■ Given data
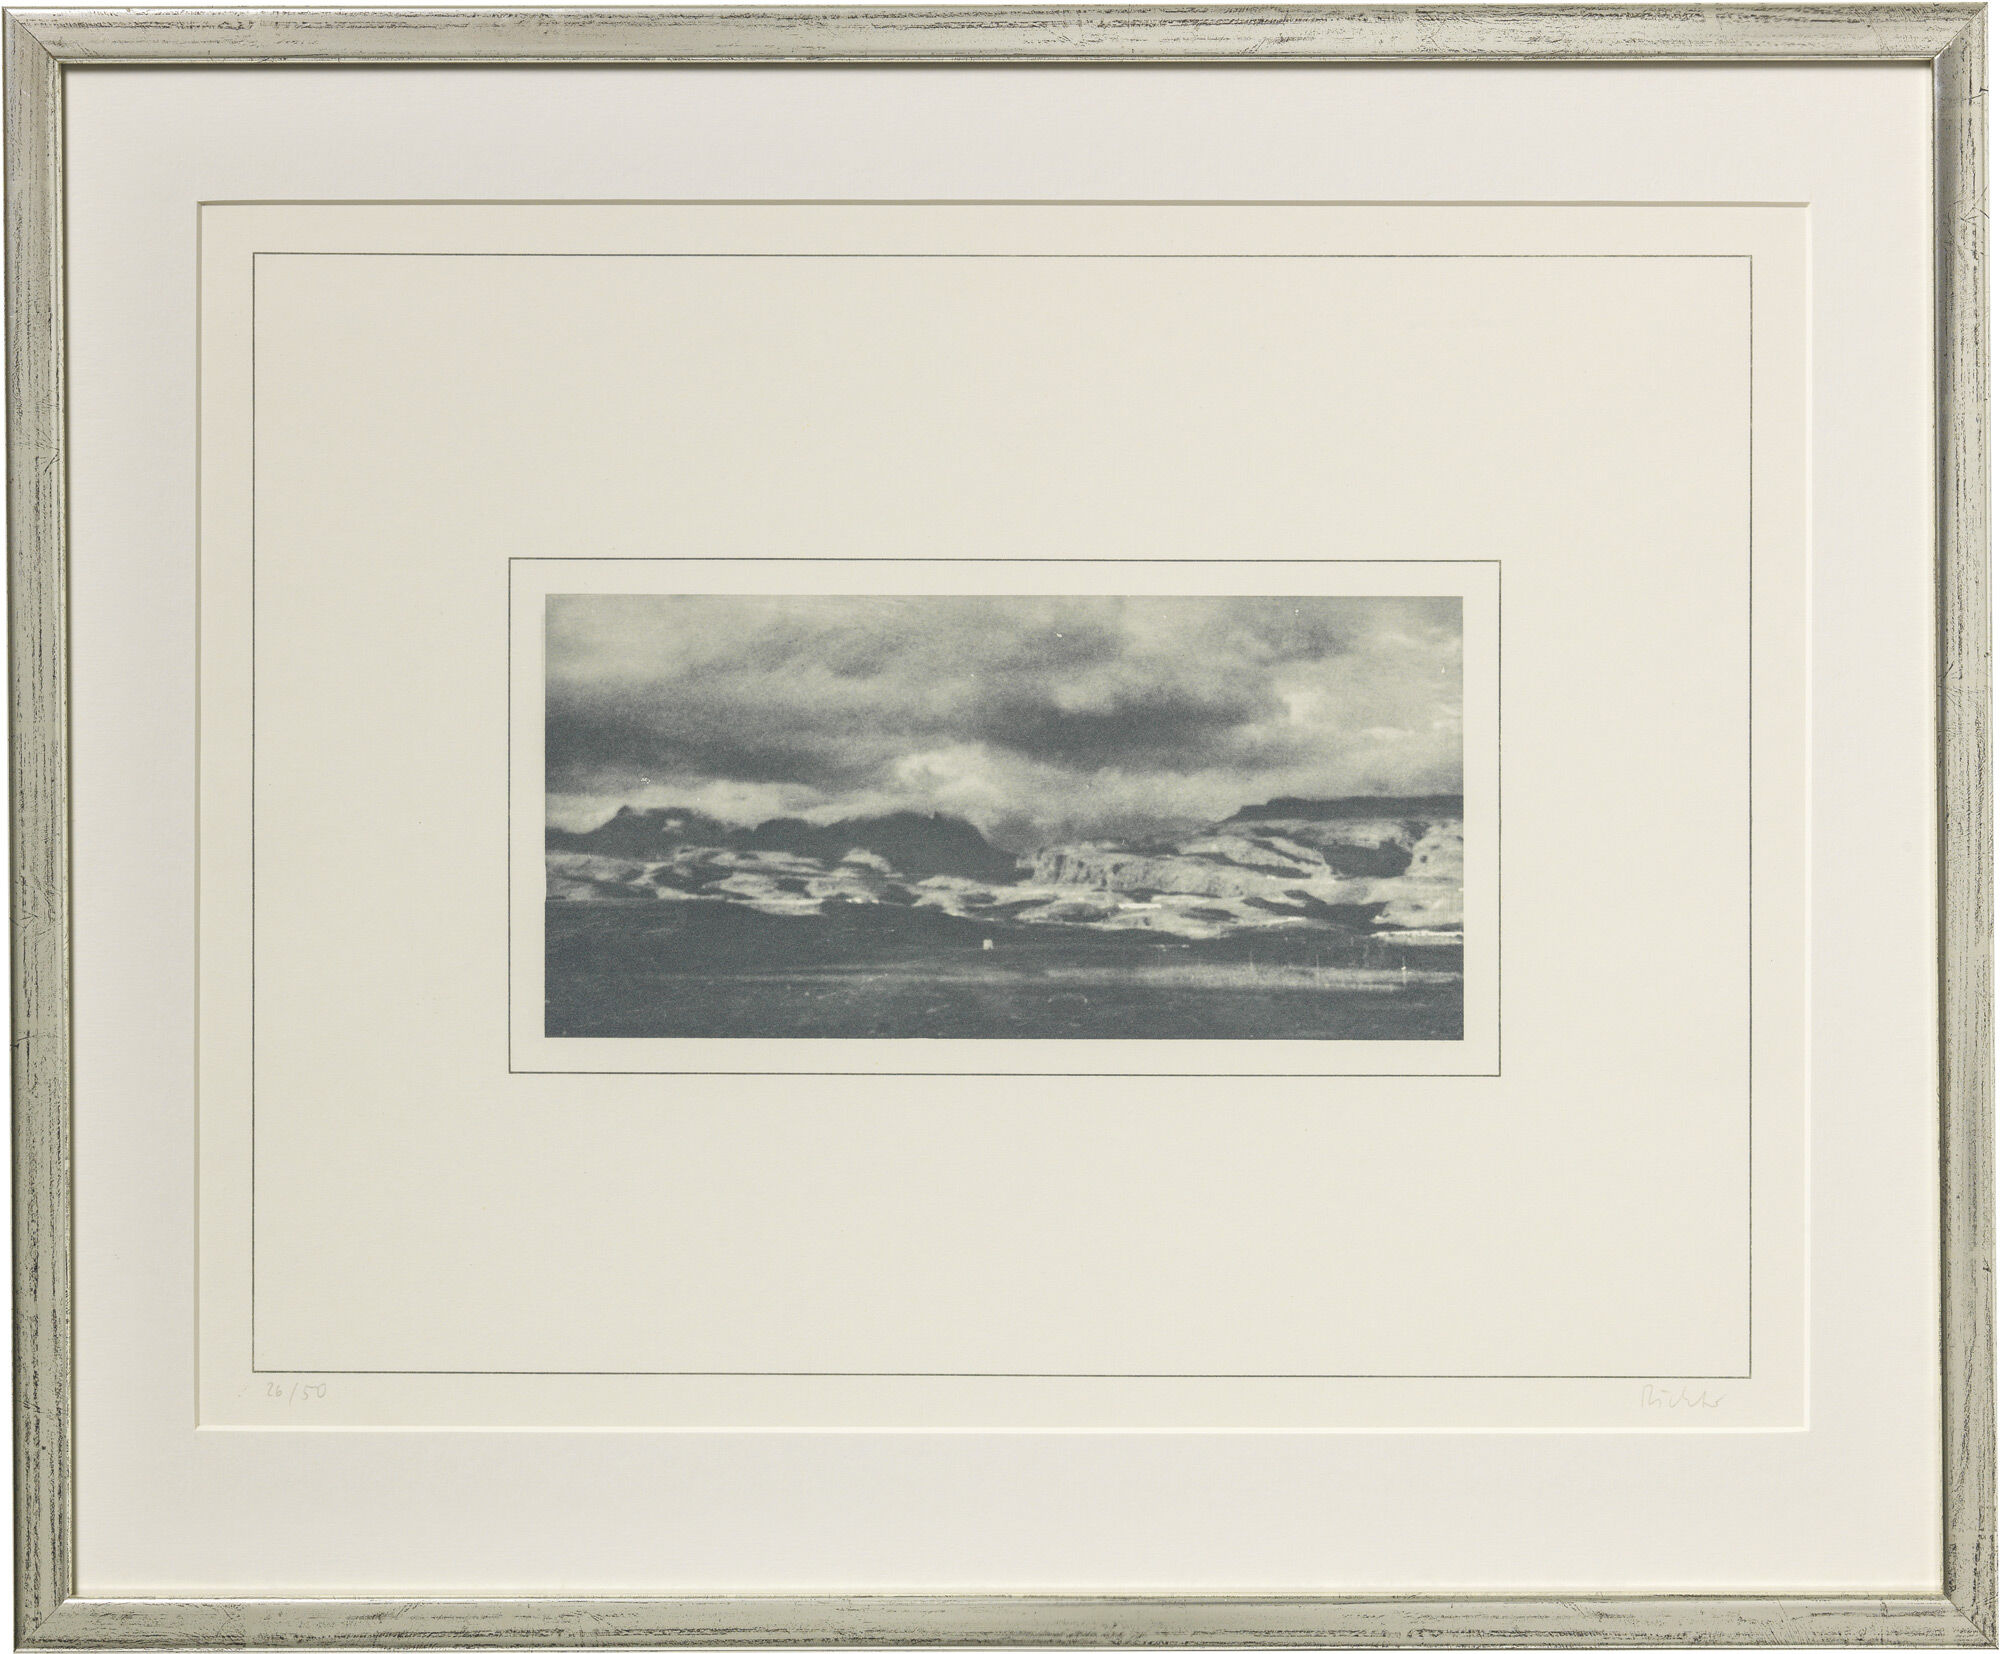 Picture "Canary Landscapes II" (1971) by Gerhard Richter
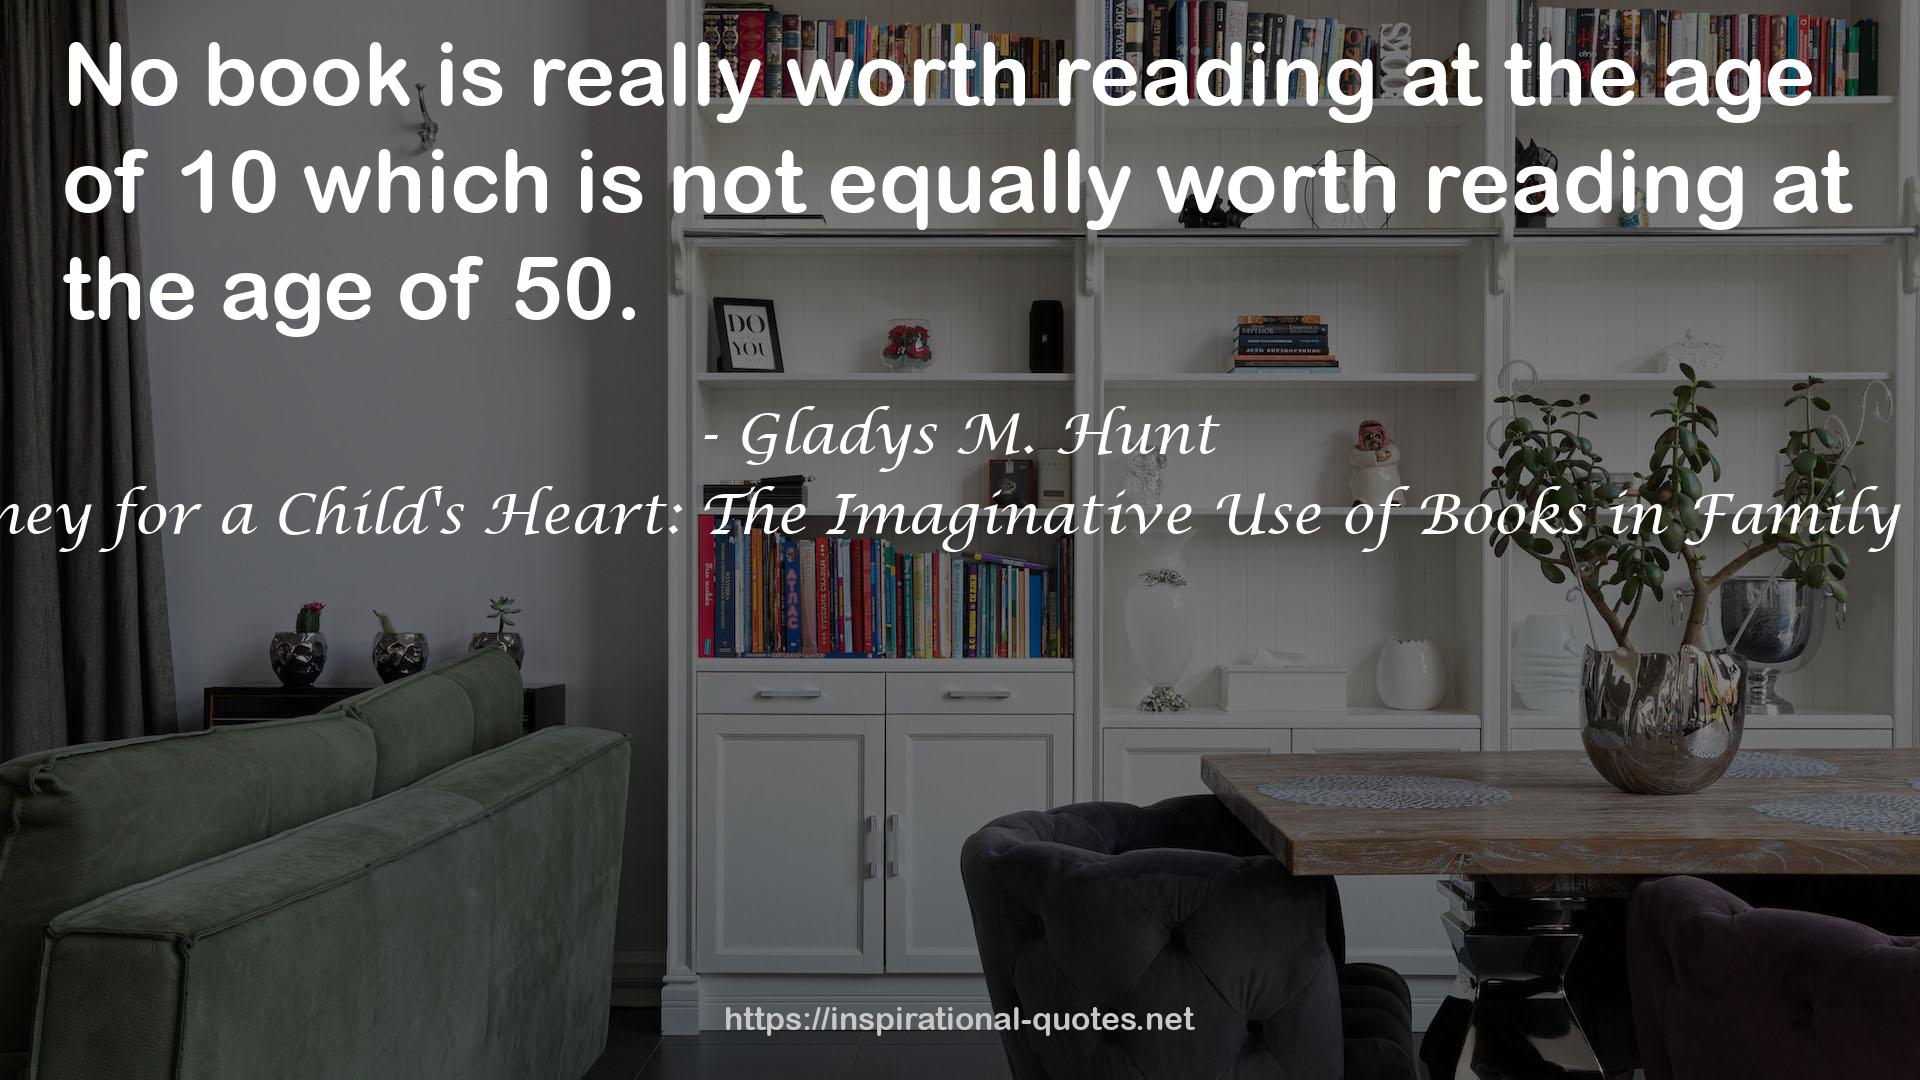 Honey for a Child's Heart: The Imaginative Use of Books in Family Life QUOTES
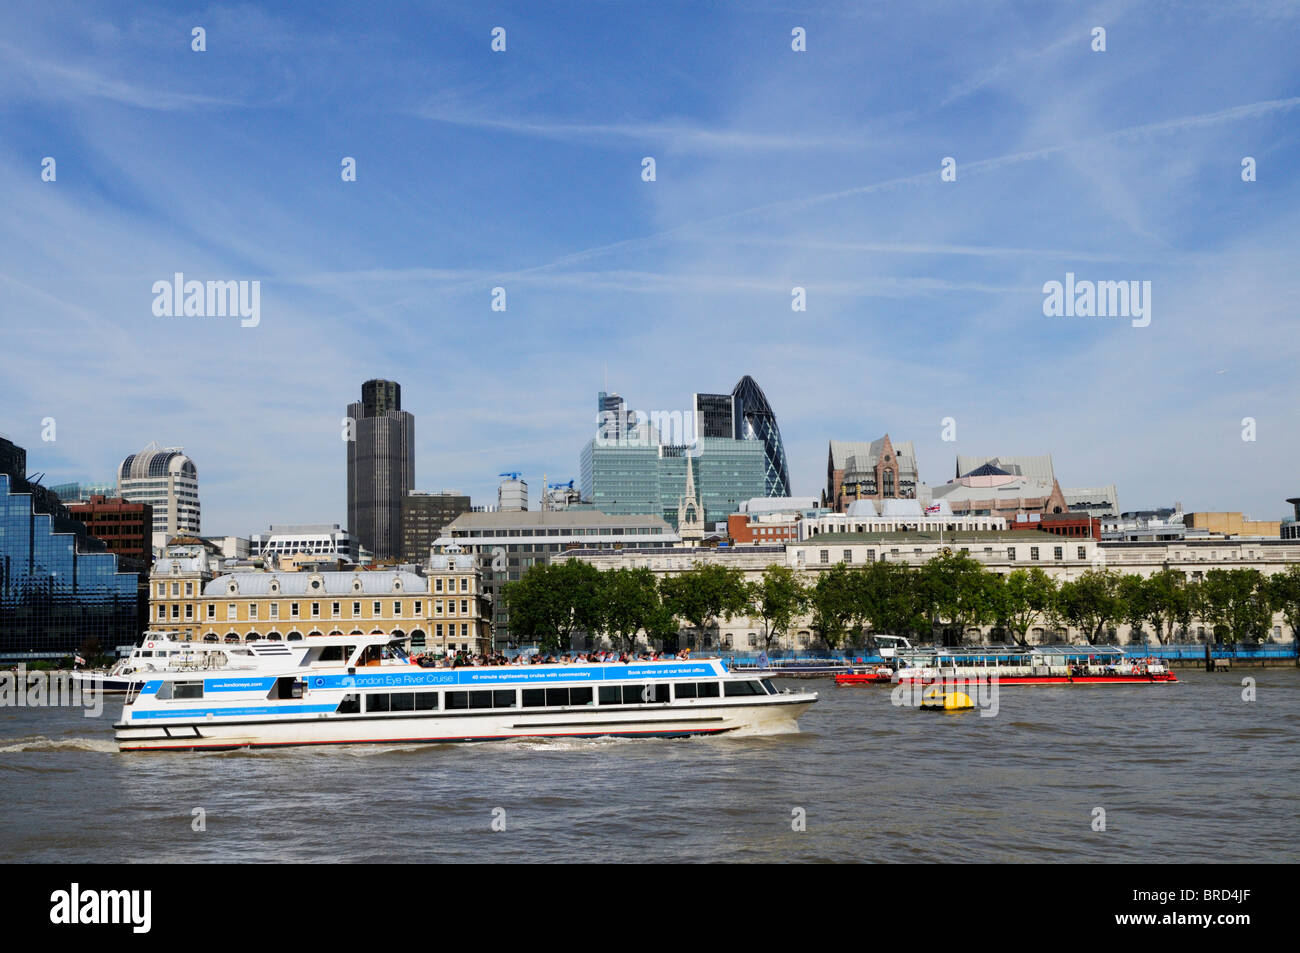 Tourist Sightseeing cruise boats on the River Thames, with City of London buildings in the background, London, England, UK Stock Photo

■ What you have to do
Copy each line above exactly, with no images.

■ Exercise solution
 Picture "Canary Landscapes II" (1971) by Gerhard Richter
 Honey for a Child's Heart: The Imaginative Use of Books in Family Life QUOTES
 Tourist Sightseeing cruise boats on the River Thames, with City of London buildings in the background, London, England, UK Stock Photo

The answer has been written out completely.